WHAT YOU ARE ASKED TO DO ▸
Could you copy the data that follows exactly as written, but drop the pictures?

AVAILABLE DATA ▸
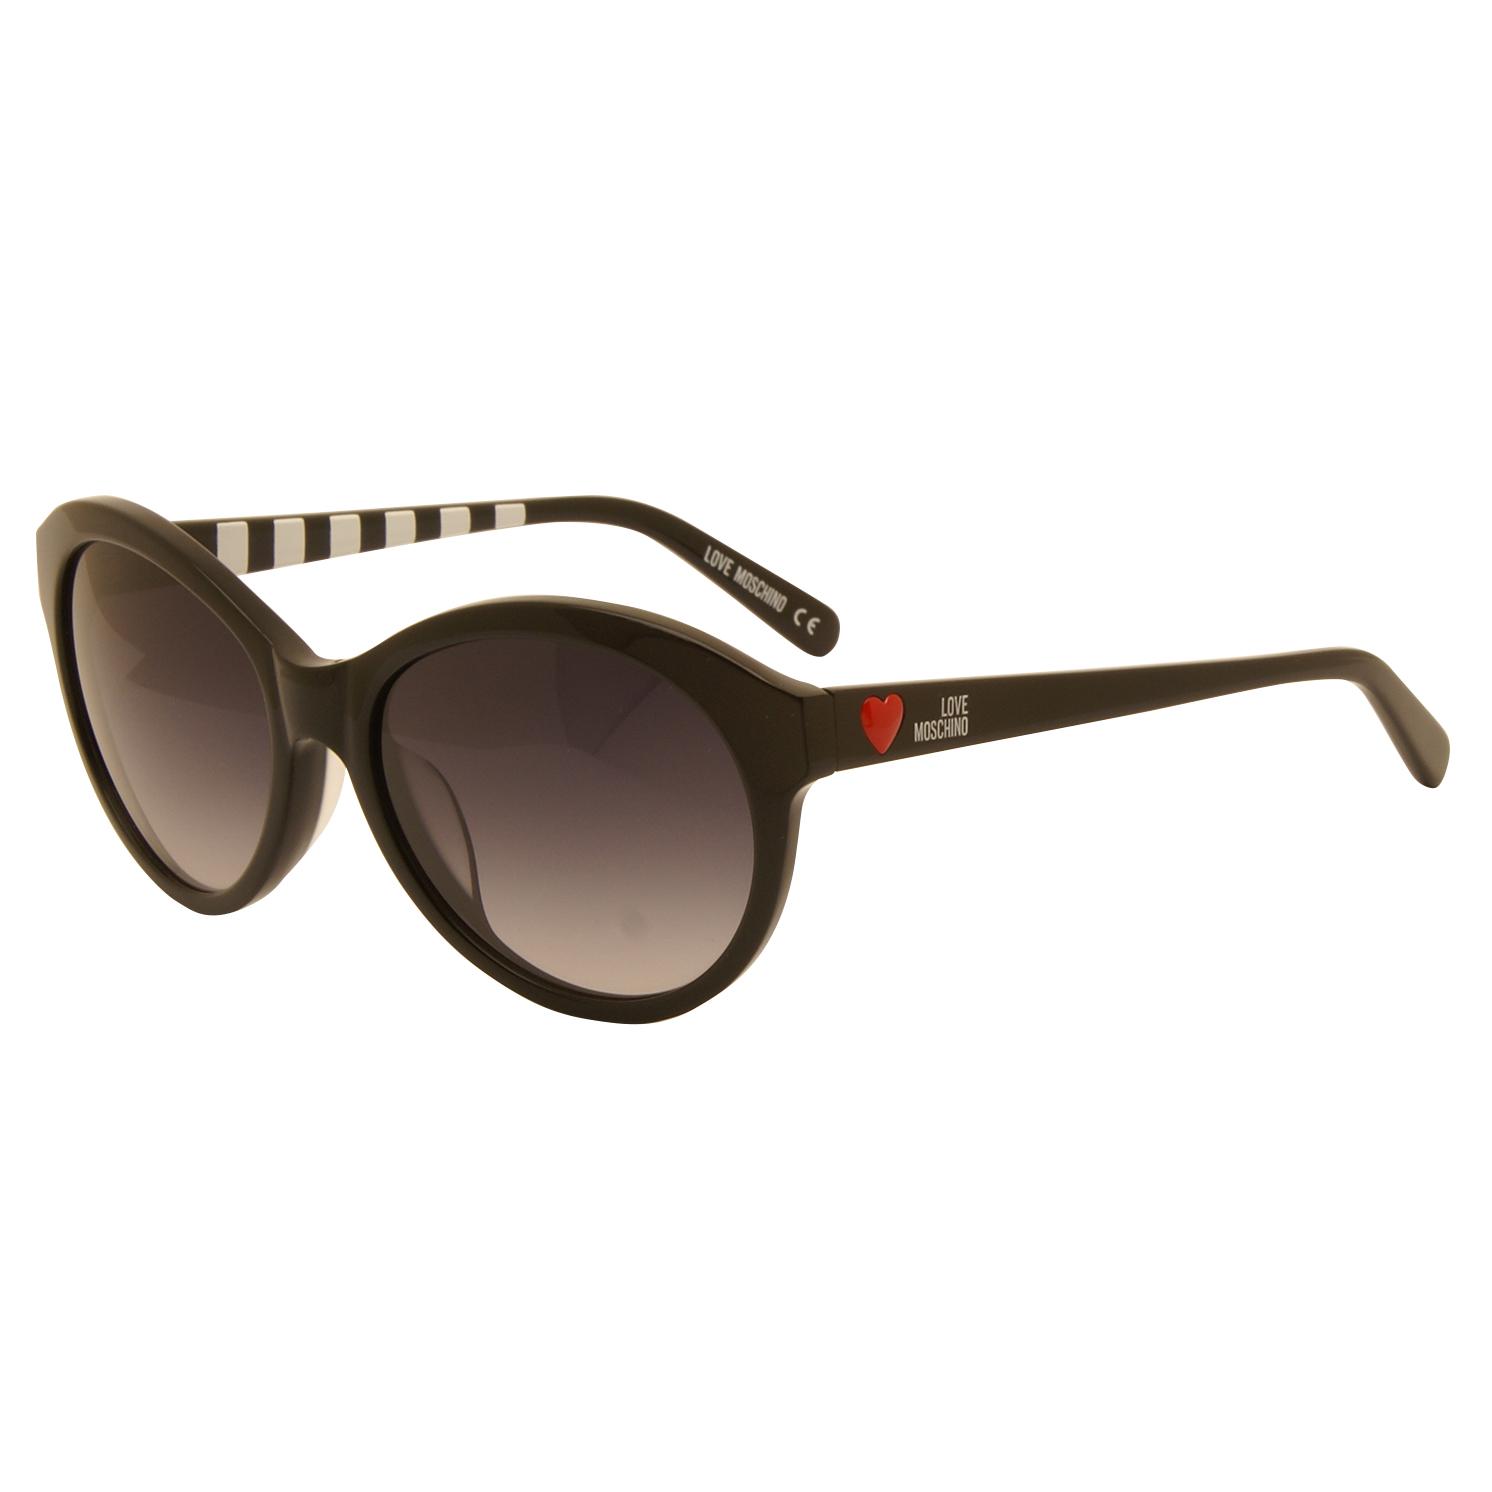 13e8bd50a11 Love Moschino - Shiny Black Classic Style Sunglasses with Case - YaYa21
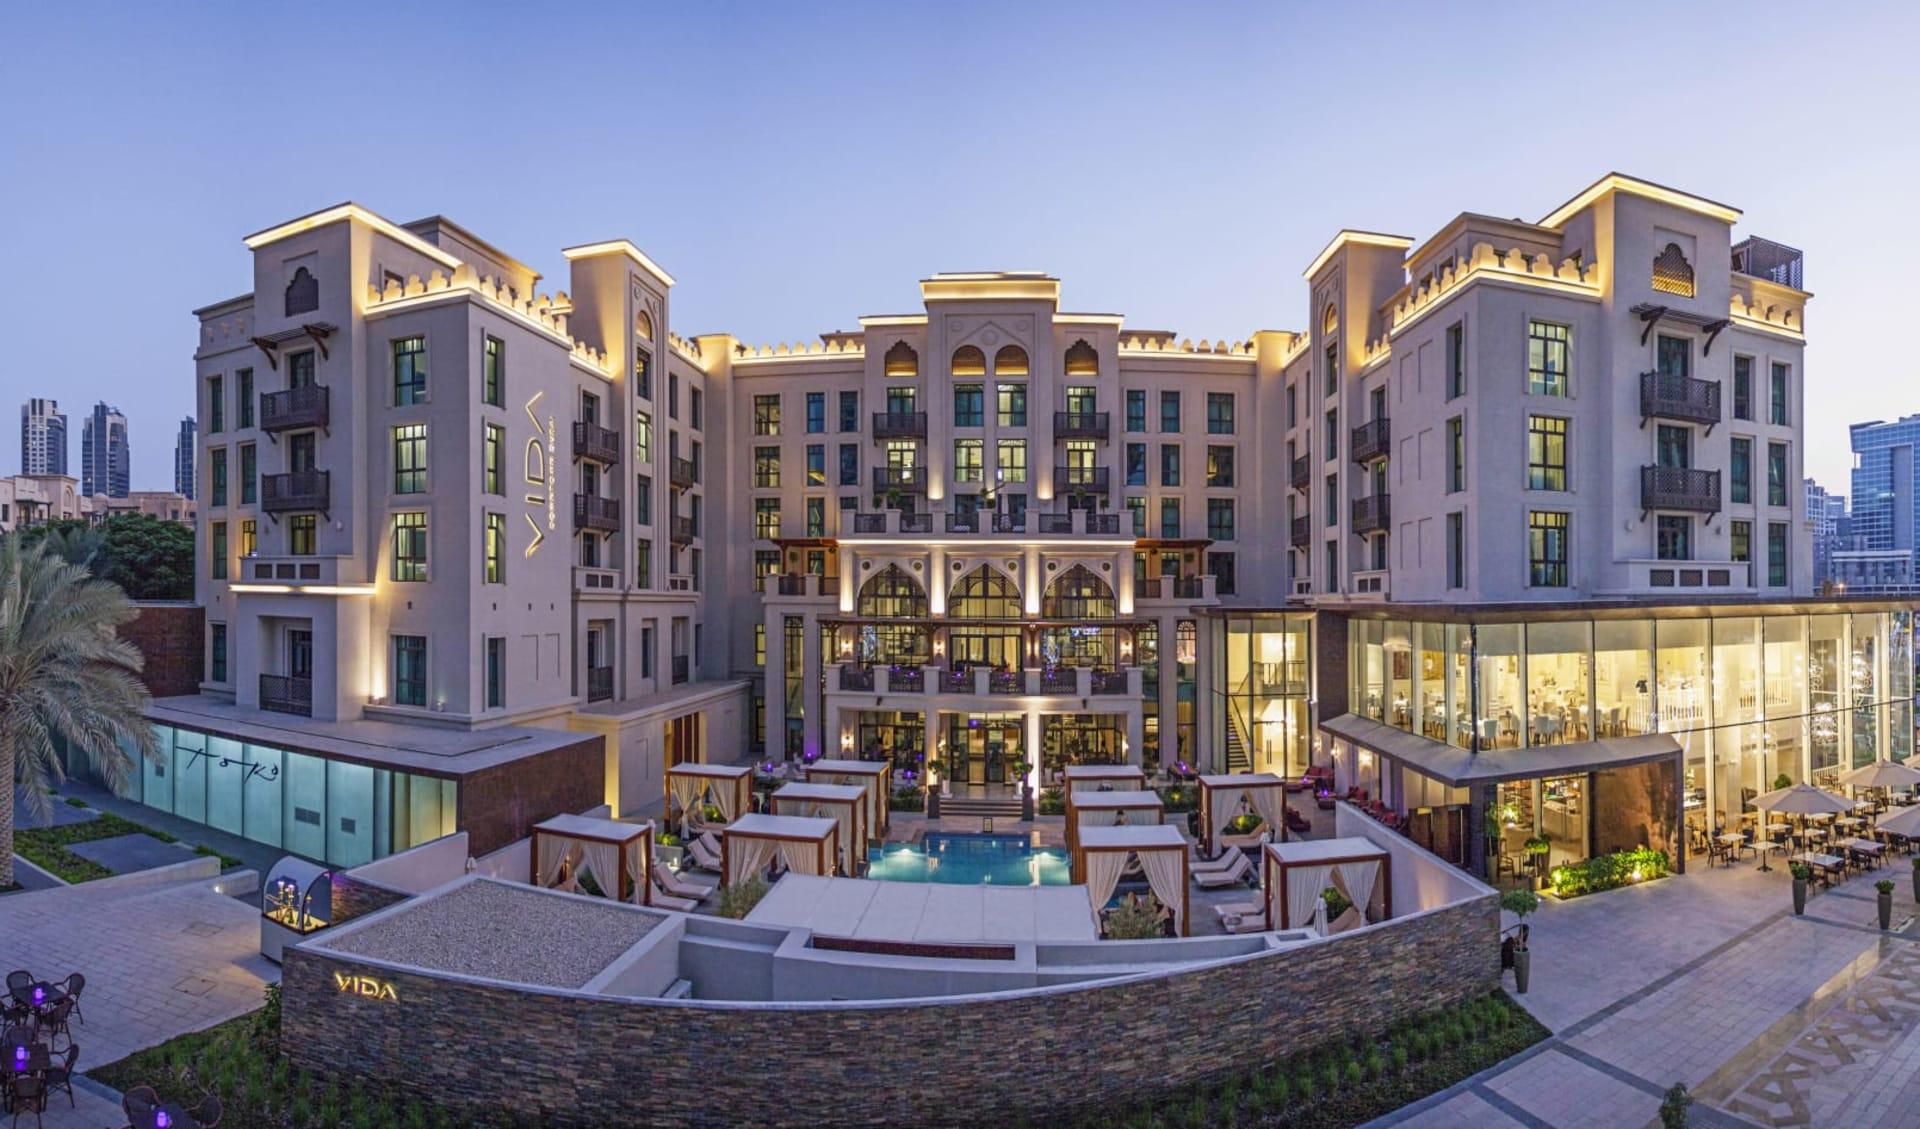 Vida Downtown in Dubai:
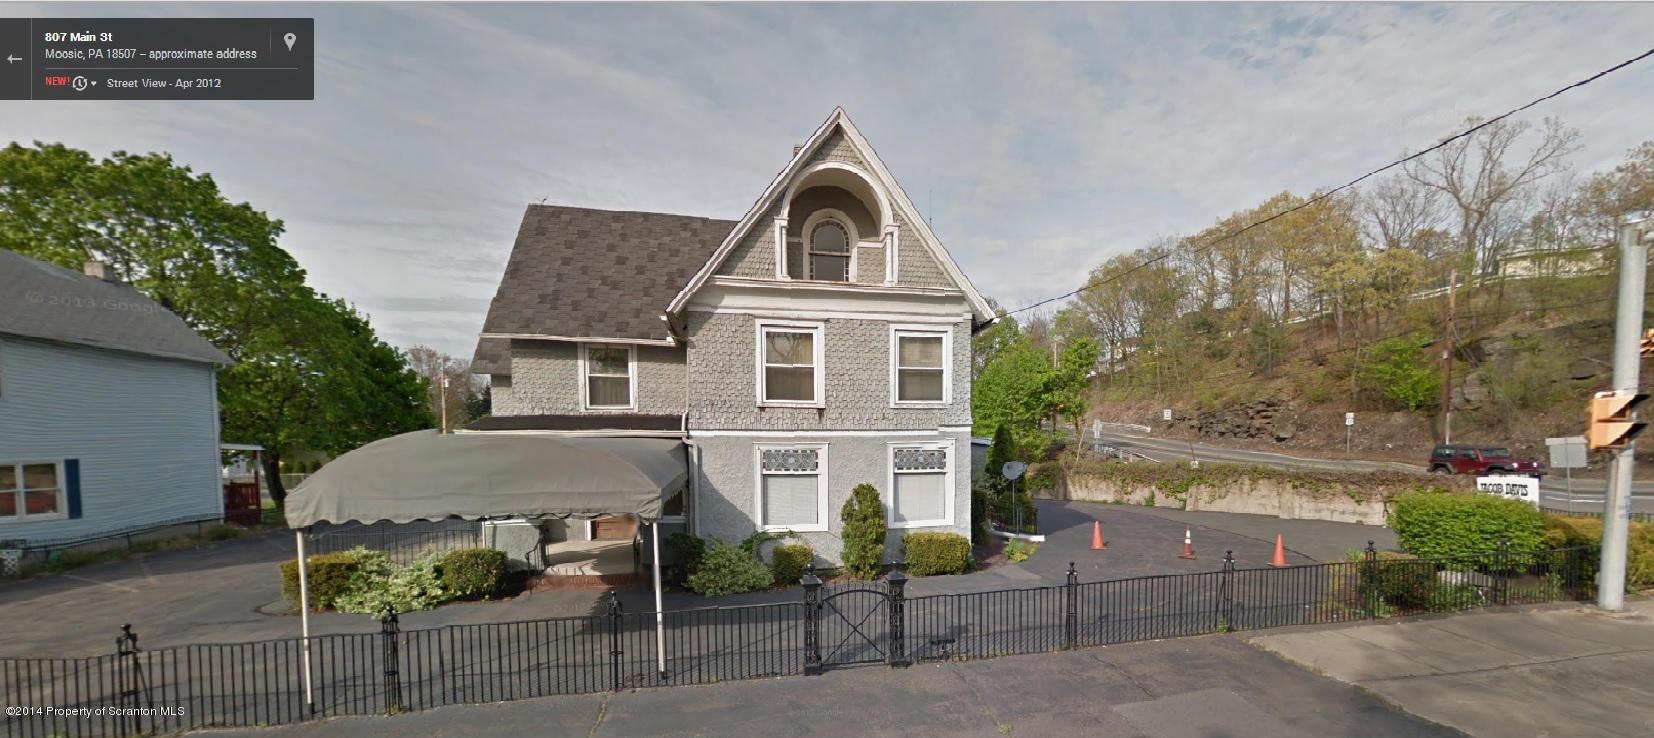 813 Main St, Moosic, Pennsylvania 18507, ,3 BathroomsBathrooms,Commercial,For Sale,Main,14-2093

THE ANSWER ▸
 13e8bd50a11 Love Moschino - Shiny Black Classic Style Sunglasses with Case - YaYa21
 Vida Downtown in Dubai:
 813 Main St, Moosic, Pennsylvania 18507, ,3 BathroomsBathrooms,Commercial,For Sale,Main,14-2093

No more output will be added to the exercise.